The decision to bolt a fee on to play multiplayer games seemed acceptable almost eight years ago. Consoles were evolving into something approaching their more sophisticated PC brethren with ethernet ports and wireless adaptors, while games were adding online play and we, the gaming collective, couldn’t be more excited about playing our favourite console games online no matter what the cost.
The Dreamcast kind of started it all for me, despite my lack of love for the machine I distinctly remember loading up my DreamKey to play games of Chu Chu Rocket online, which was free and possibly SEGA’s best move to date. Games like Phantasy Star Online and Quake III: Arena were going online via our affordable consoles in the front room even though our phone bills were going through the roof. We were more than happy with the cost it generated as it allowed us to play co-operatively and take down fantasy beasts of mammoth proportions.
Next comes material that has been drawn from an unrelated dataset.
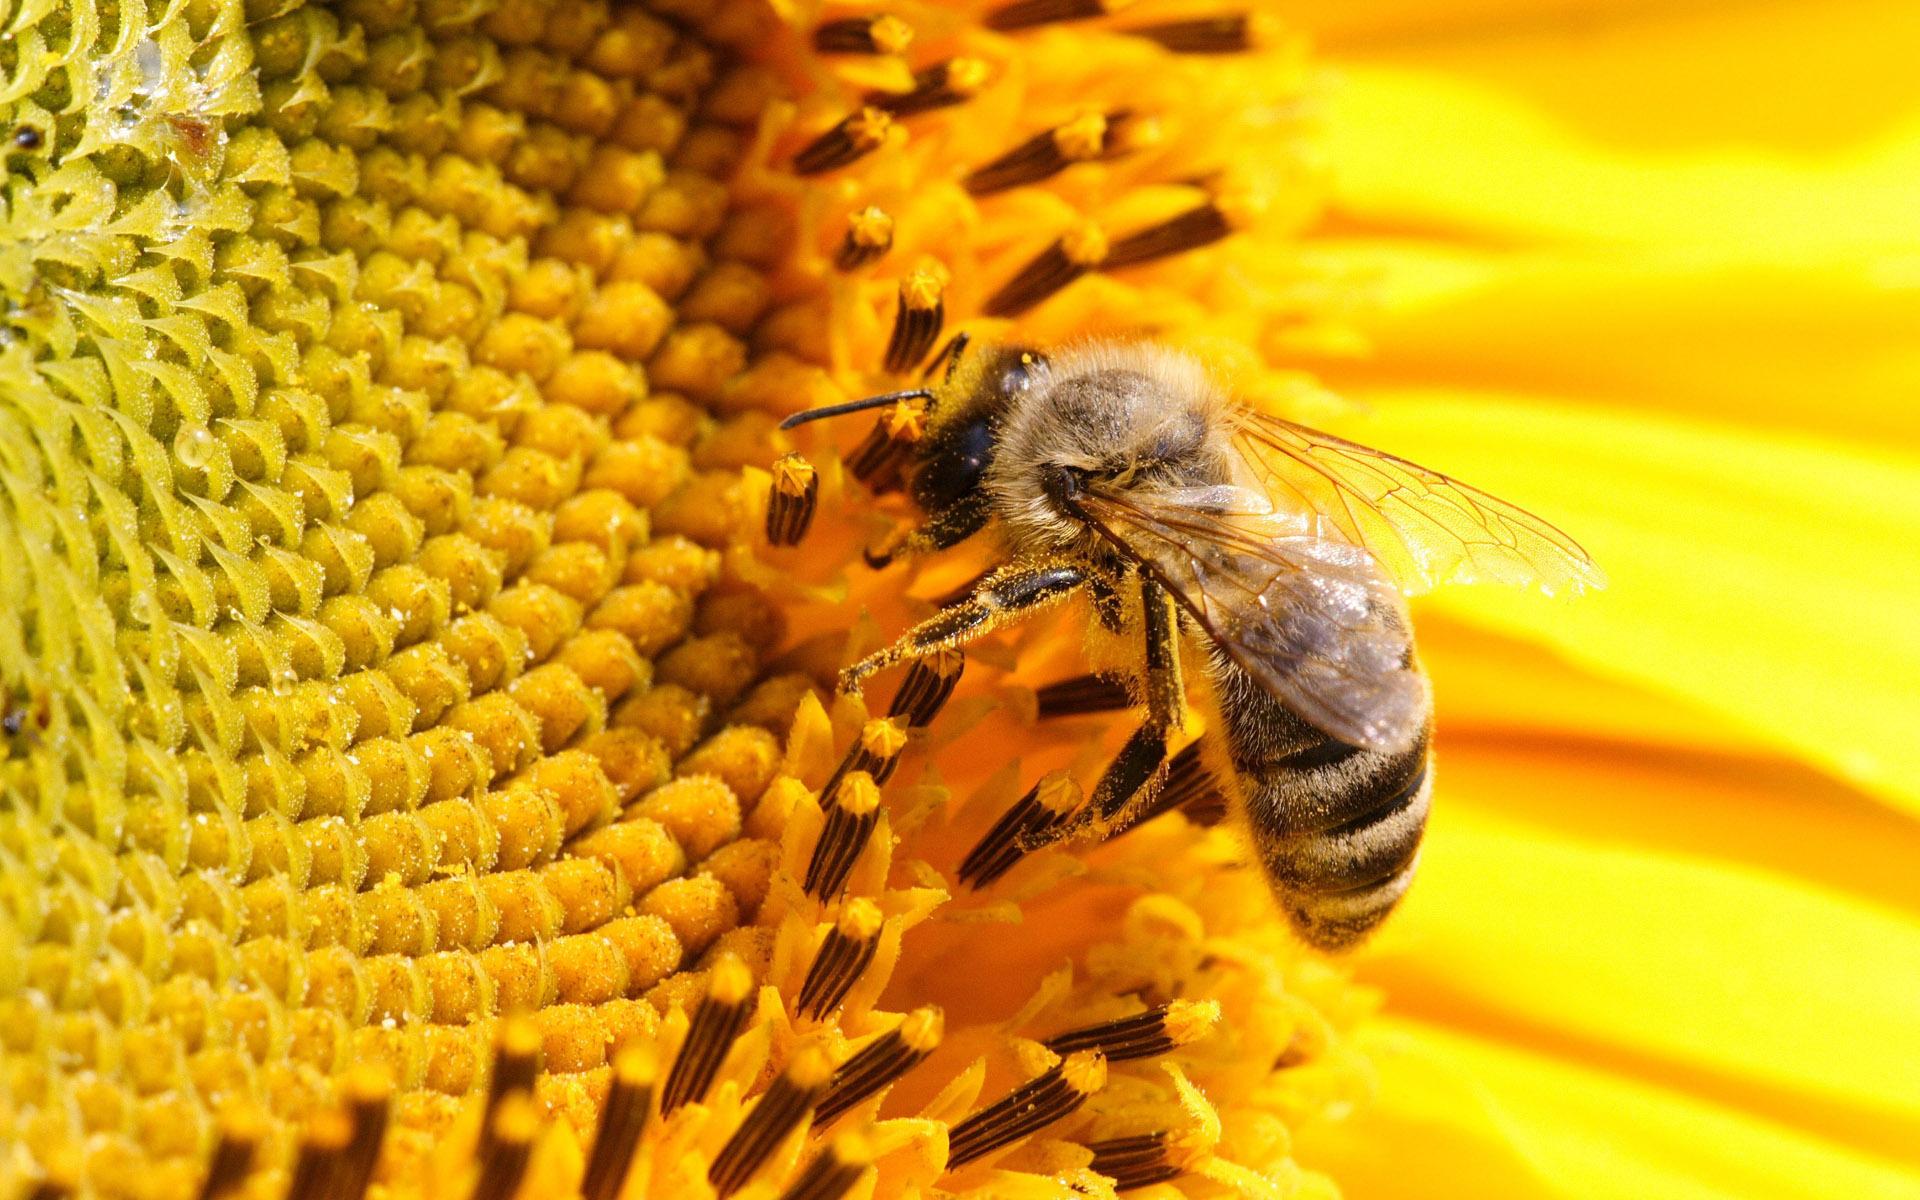 Картинки пчелы и мед, андроид картинку

Where it all really kicked off was with the Xbox and its introduction to the Xbox Live service. Games like Climax’s MotoGP: Ultimate Racing Technology were getting retroactively patched to implement an excellent, if slightly wonky online mode and Return to Castle Wolfenstein saw some of the best team-based multiplayer since Counter-Strike on the PC. The ability to freely talk to another player through a rather flimsy headset was incredible, and even though you could mask your voice behind a choice of filters this sure didn’t stop the insults from evolving from text to vocal.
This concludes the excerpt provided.